Start of SUPPLIED MATERIAL

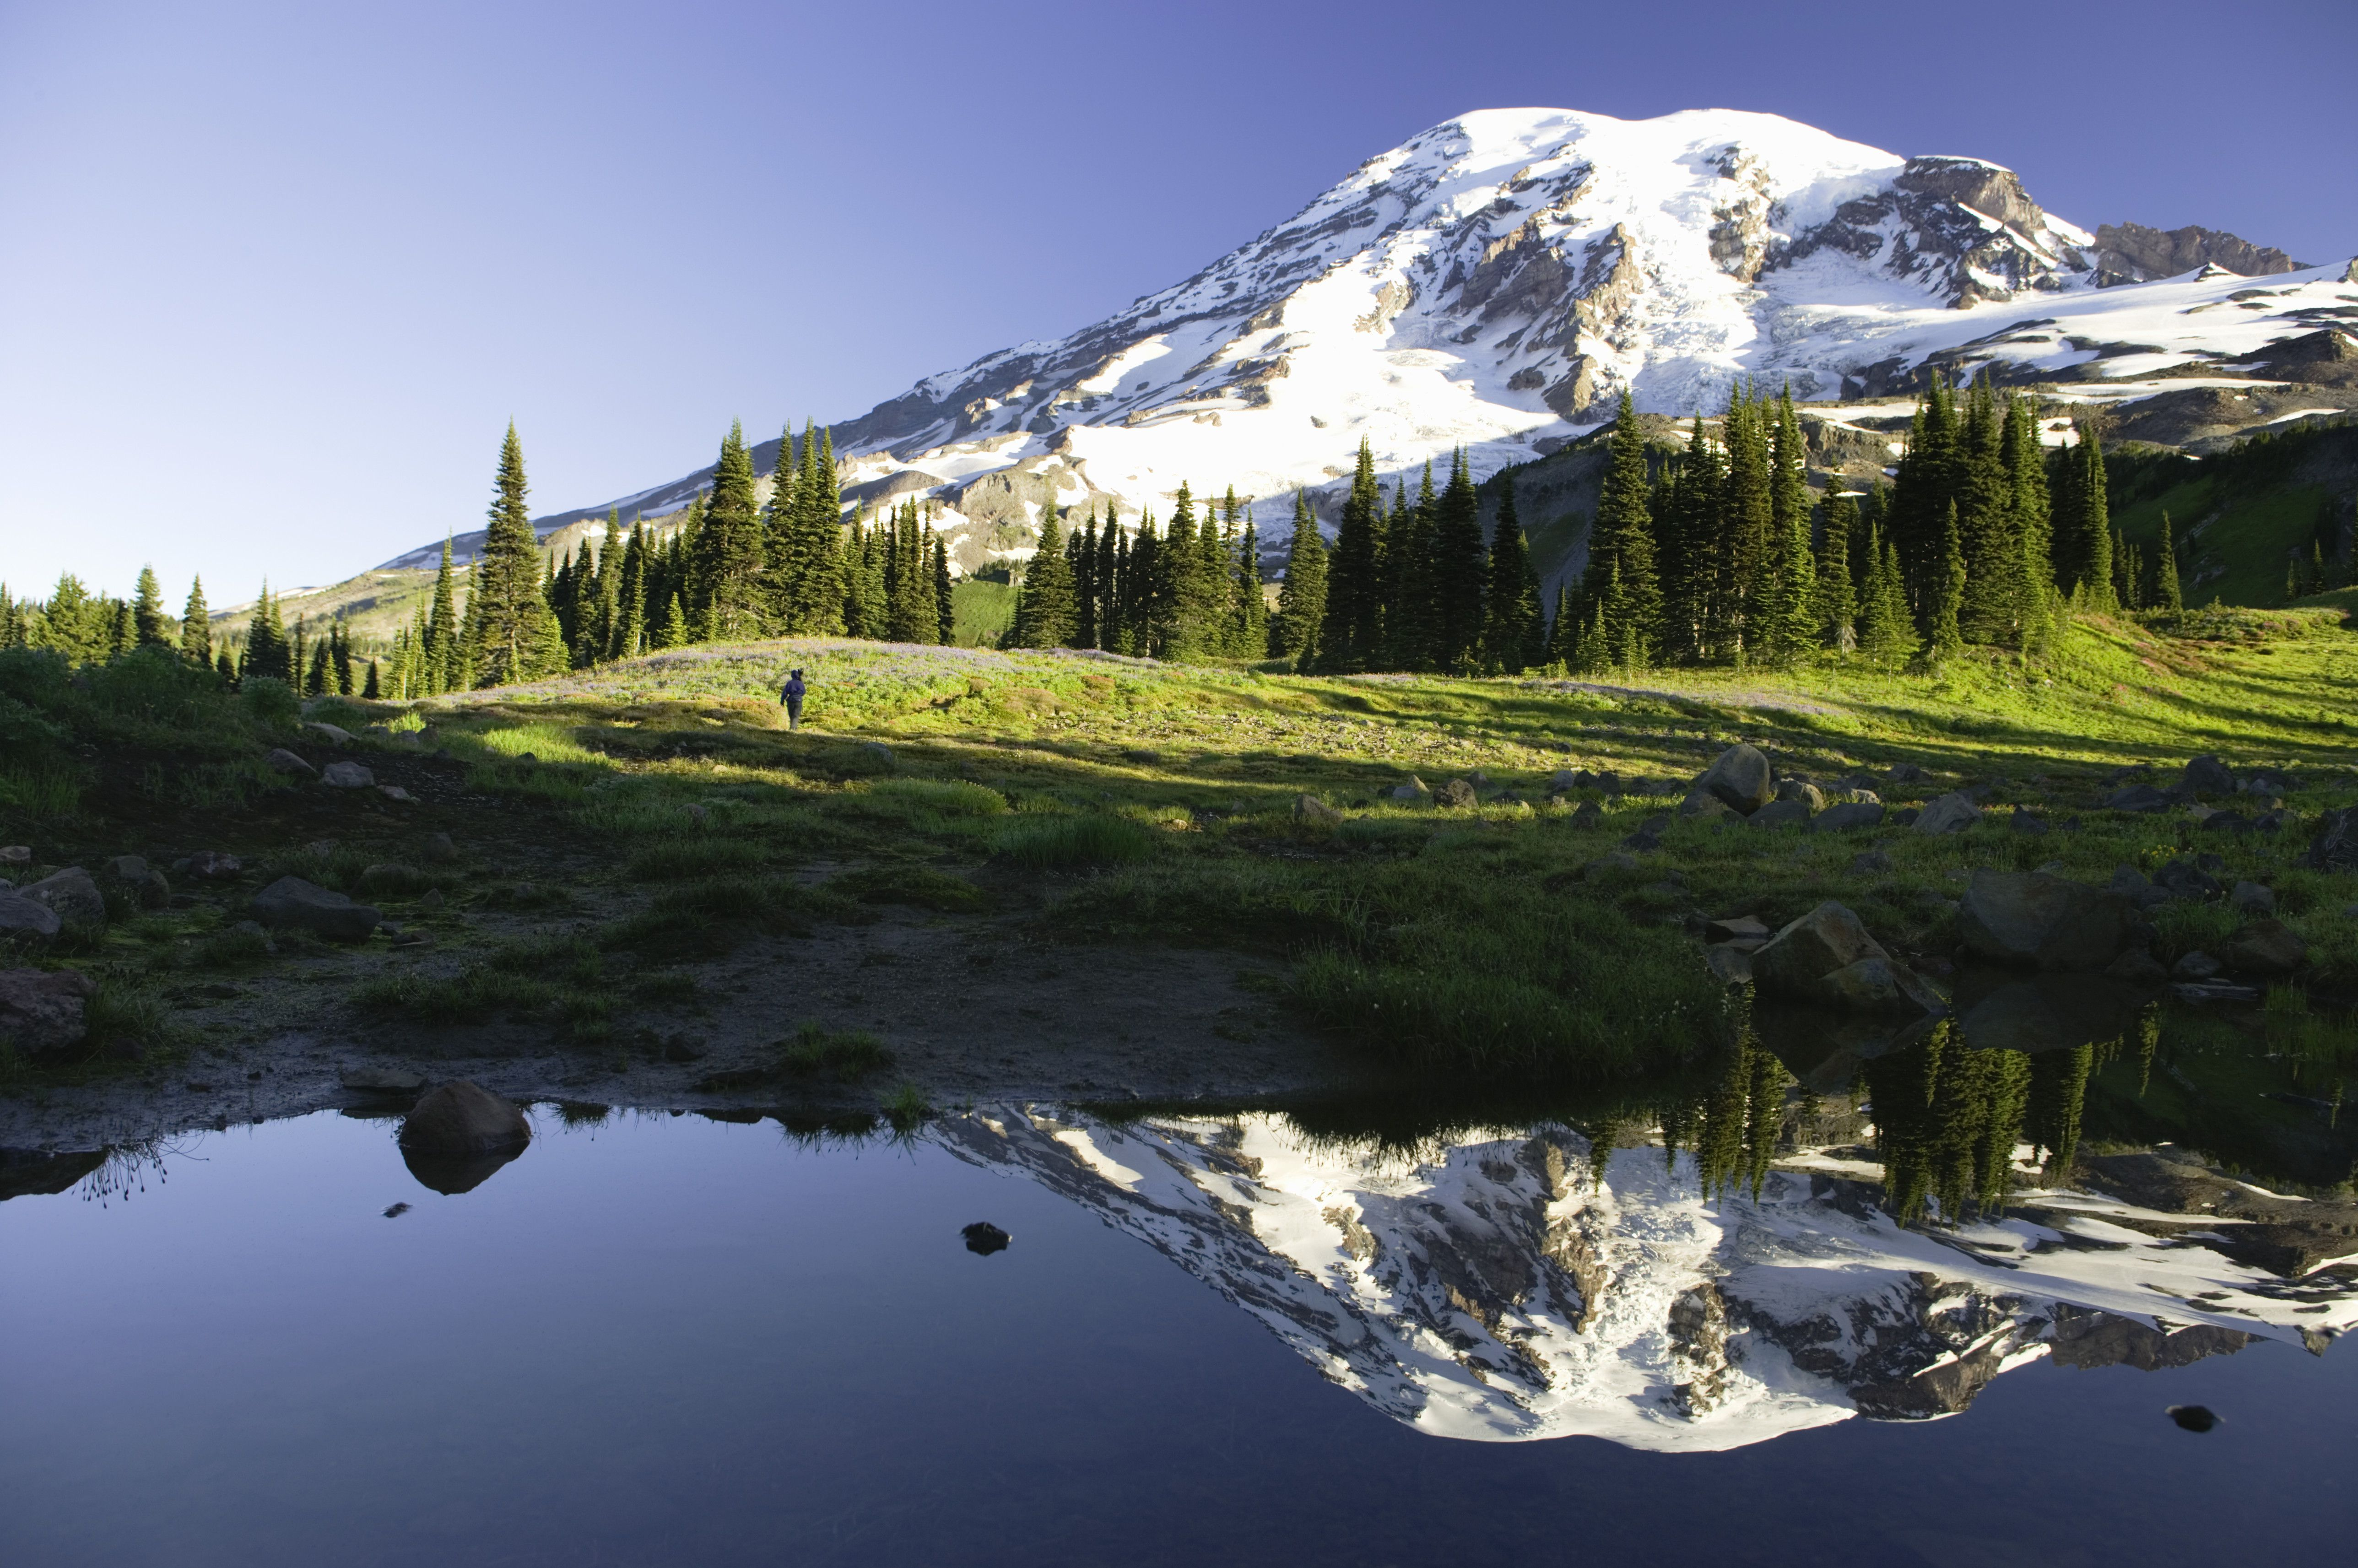 USA, Washington, Mt. Rainier National Park, hiker on path
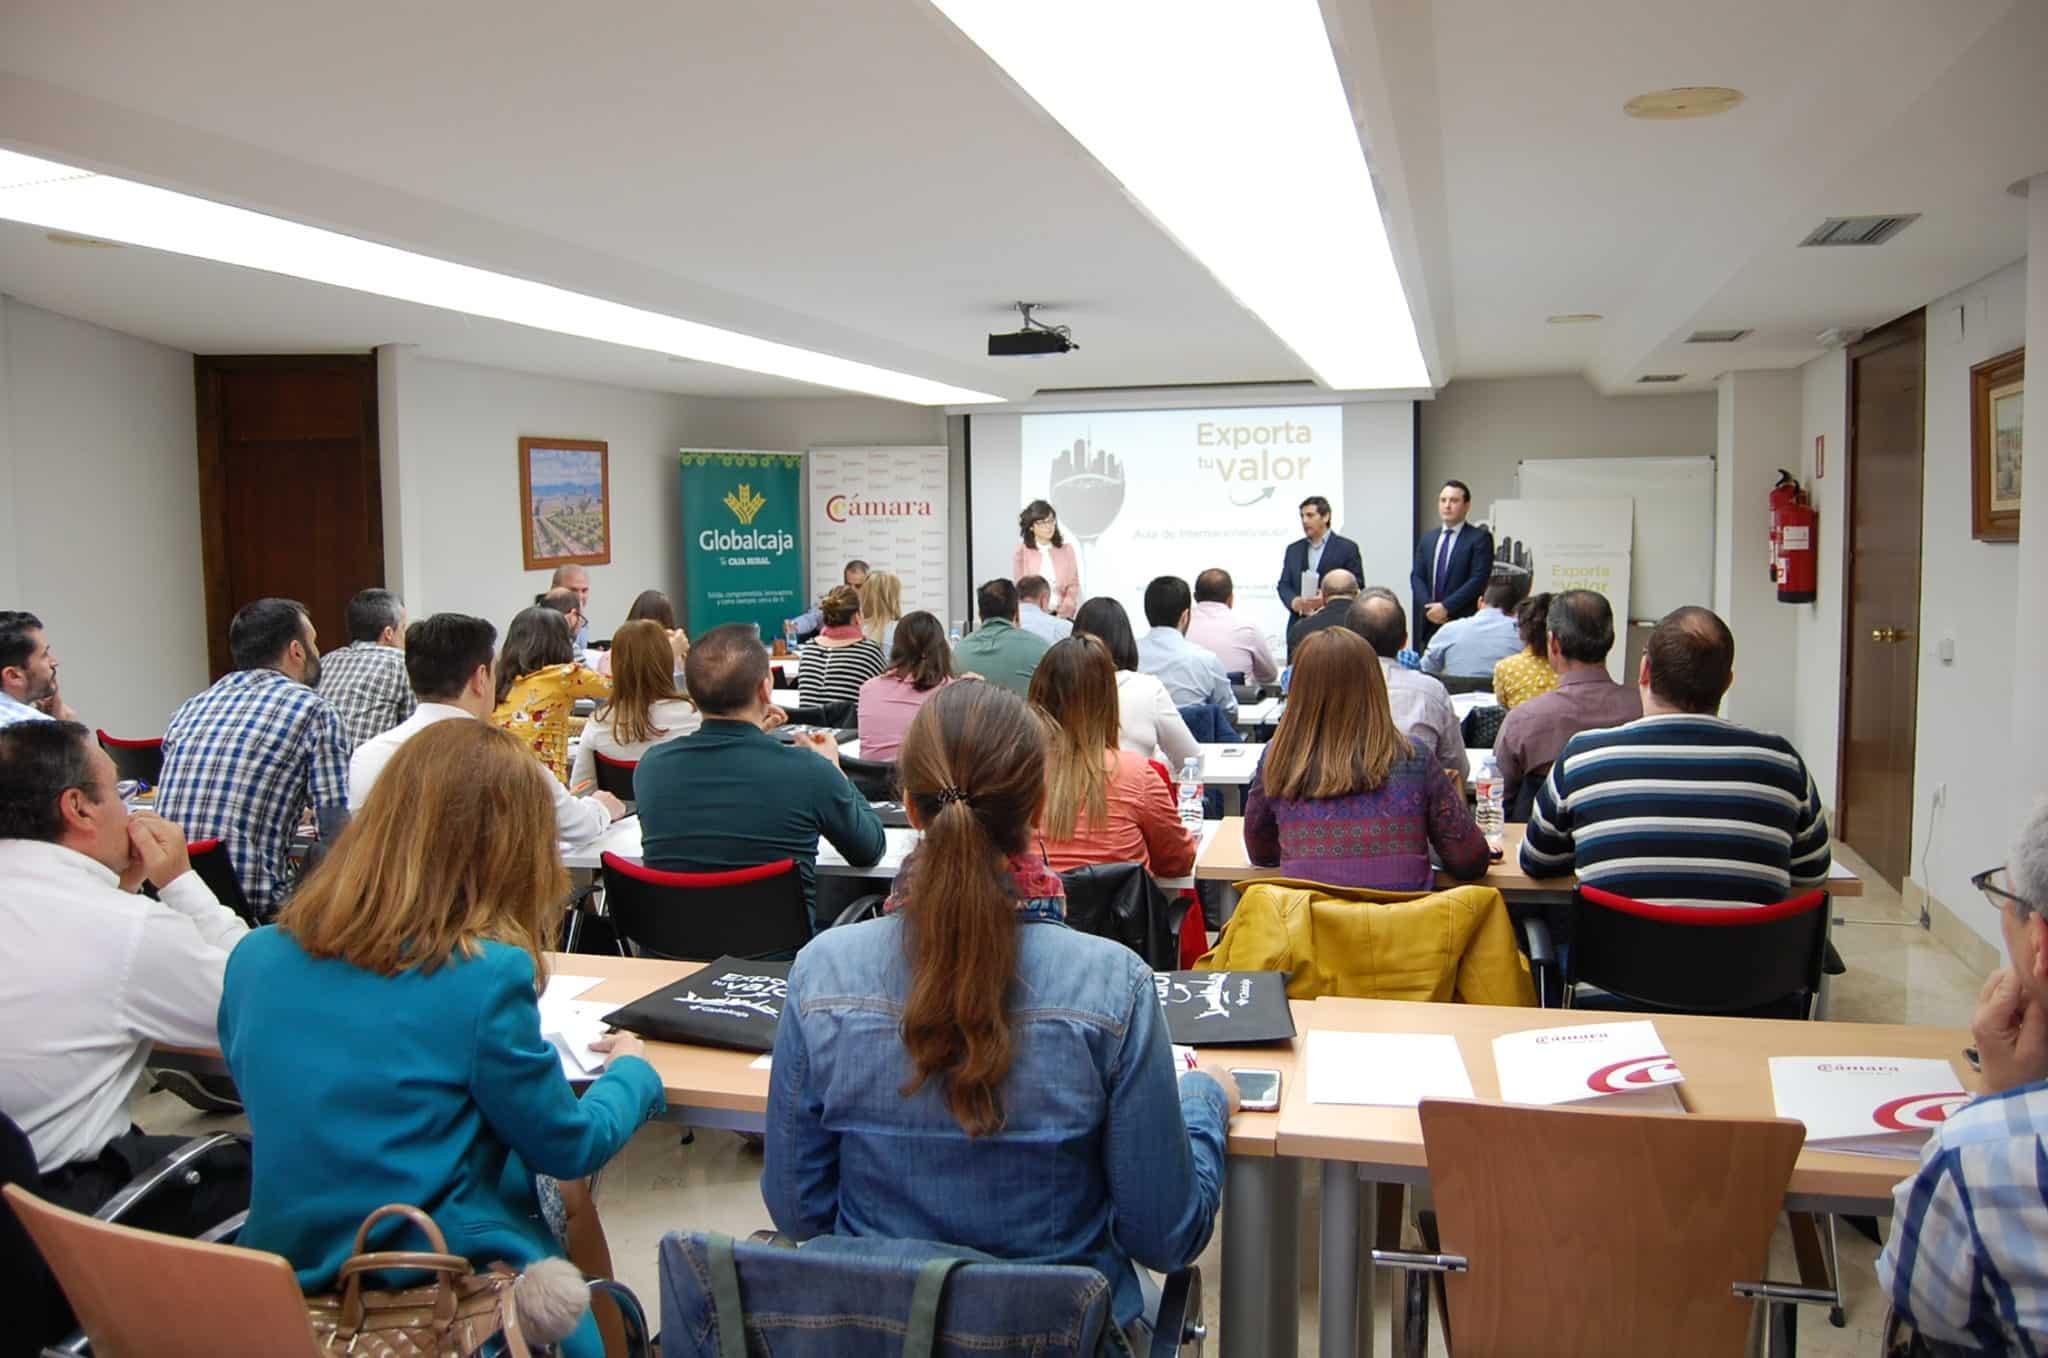 https://blog.globalcaja.es/wp-content/uploads/2018/04/aula-internacional-CR.jpg
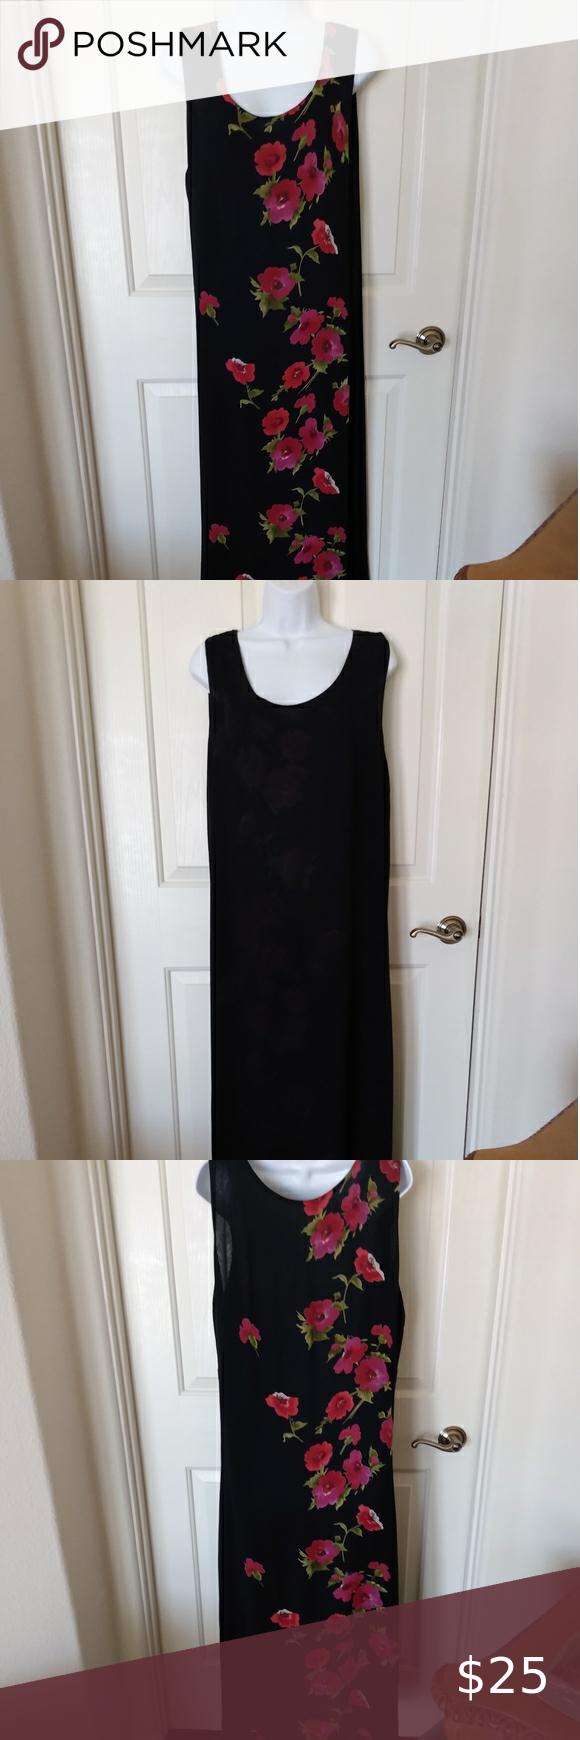 Vintage Boho Nordstrom Xl Reversible Black Dress Clothes Design Vintage Black Dress Vintage Boho [ 1740 x 580 Pixel ]

End of SUPPLIED MATERIAL

THE TASK ▸
Leave out the pictures and give the rest of the material again, unaltered.

EXERCISE RESULT ▸
 USA, Washington, Mt. Rainier National Park, hiker on path
 https://blog.globalcaja.es/wp-content/uploads/2018/04/aula-internacional-CR.jpg
 Vintage Boho Nordstrom Xl Reversible Black Dress Clothes Design Vintage Black Dress Vintage Boho [ 1740 x 580 Pixel ]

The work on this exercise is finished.